§ Problem requirements: Write out each line of the listing as it stands, without the images.
Data section section start
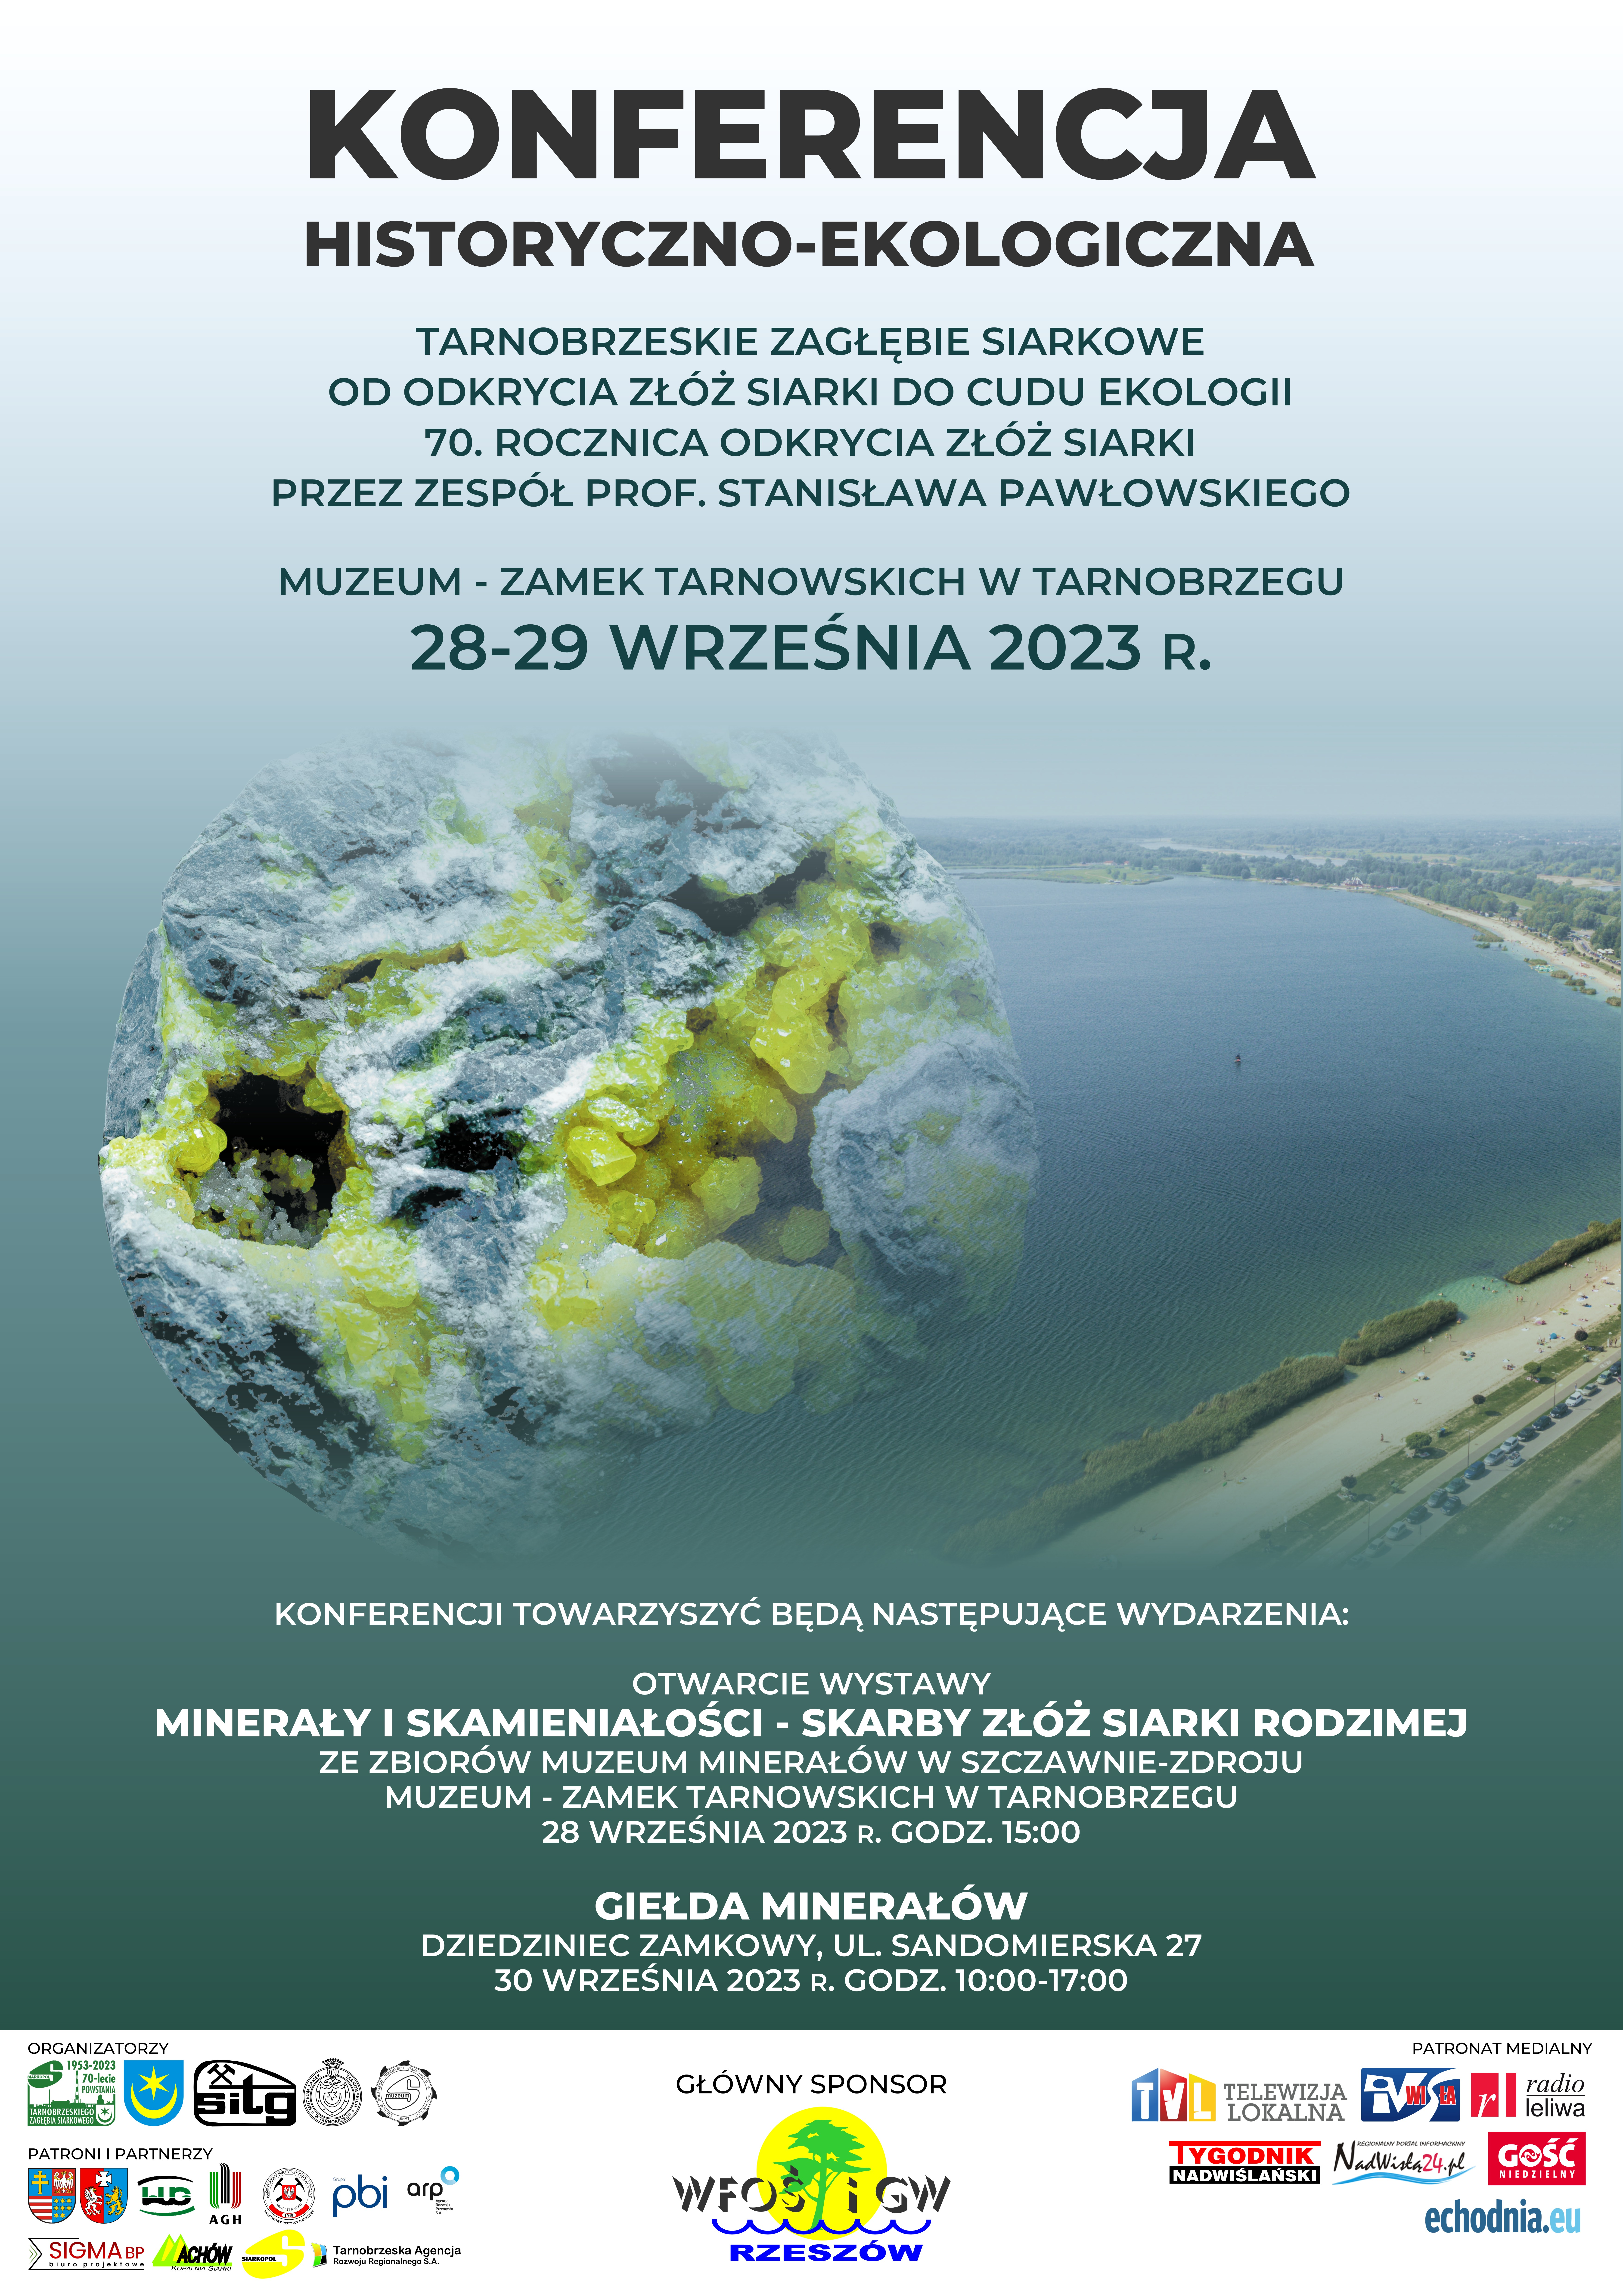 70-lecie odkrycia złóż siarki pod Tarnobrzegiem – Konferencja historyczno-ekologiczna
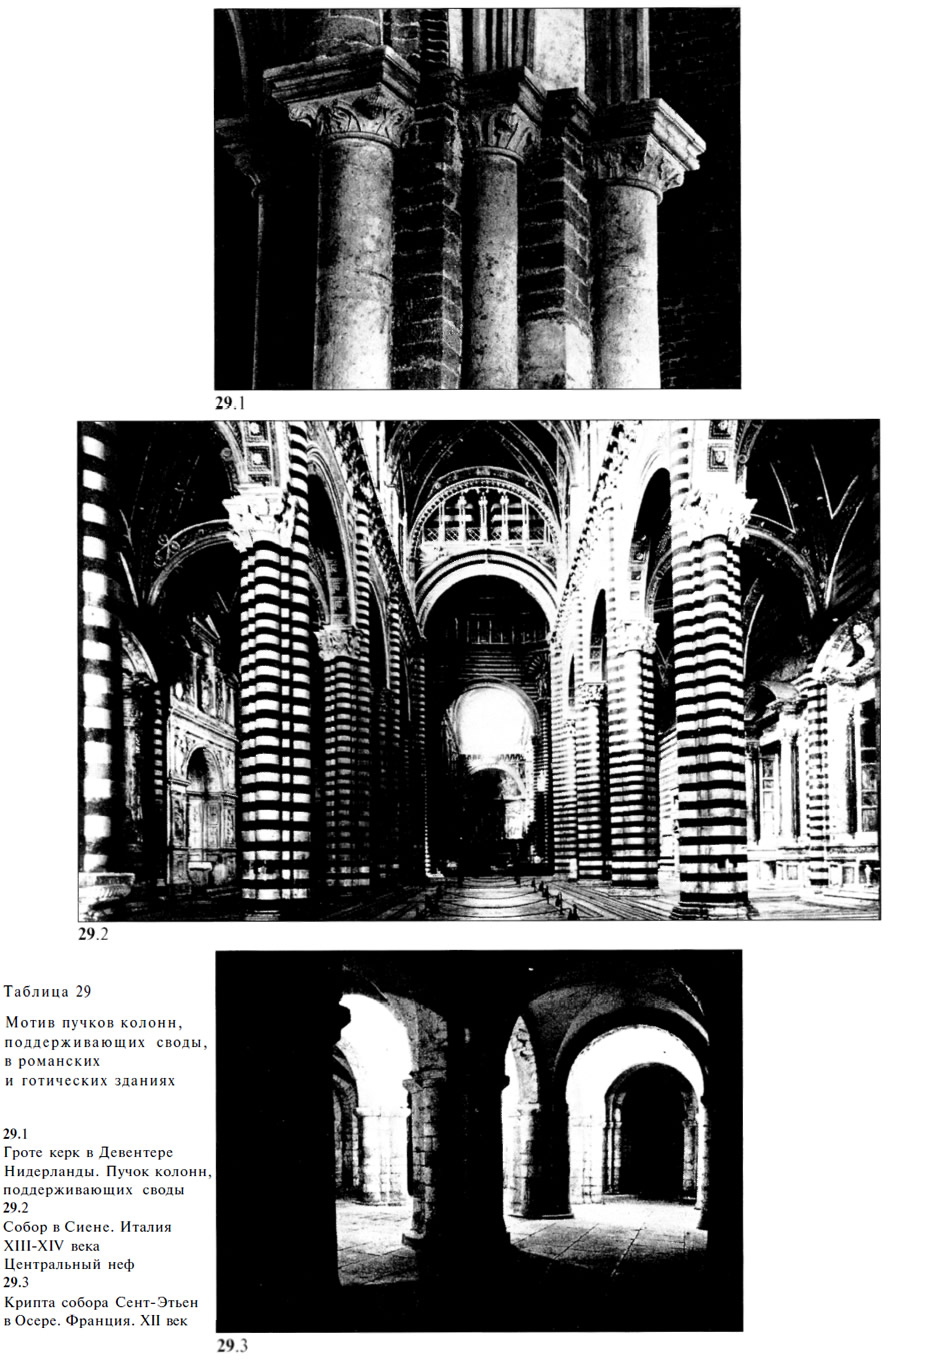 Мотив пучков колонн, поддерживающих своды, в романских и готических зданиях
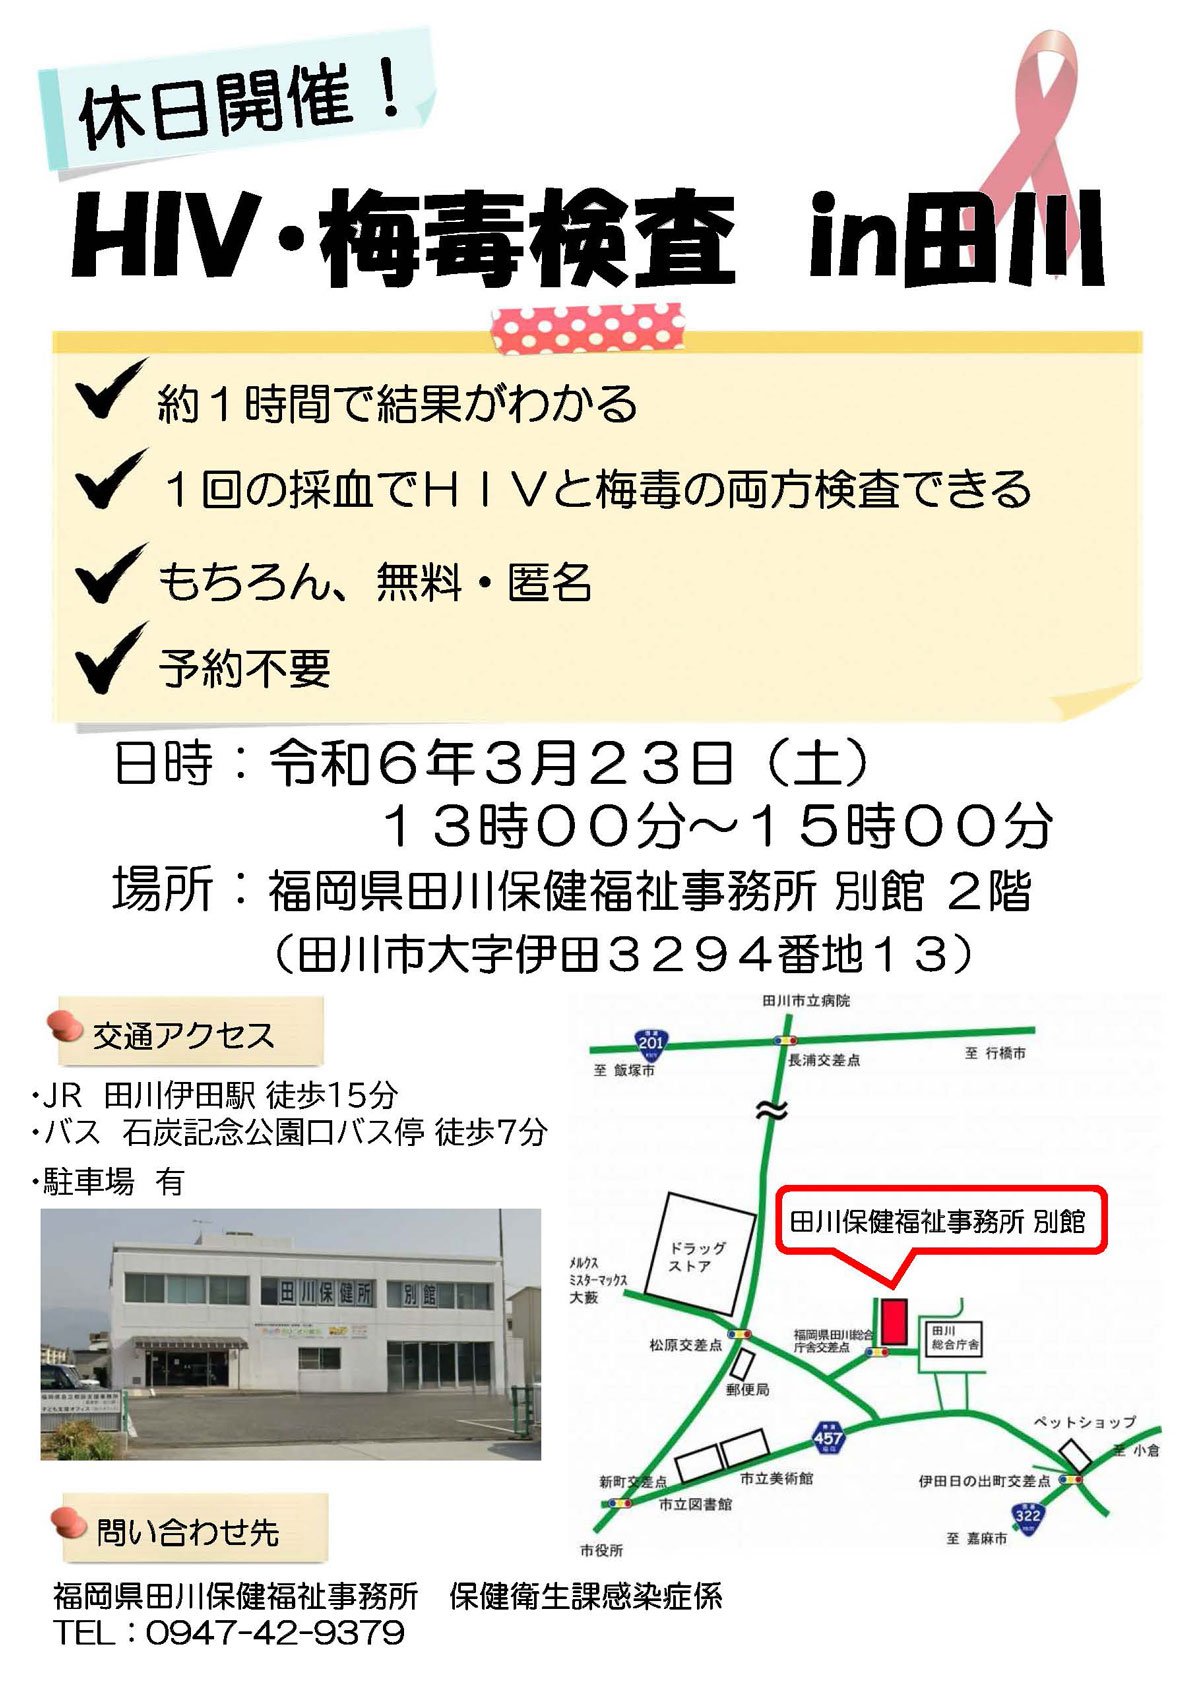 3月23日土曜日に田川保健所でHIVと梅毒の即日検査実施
Data section section end
§ The completed task:
 70-lecie odkrycia złóż siarki pod Tarnobrzegiem – Konferencja historyczno-ekologiczna
 Мотив пучков колонн, поддерживающих своды, в романских и готических зданиях
 3月23日土曜日に田川保健所でHIVと梅毒の即日検査実施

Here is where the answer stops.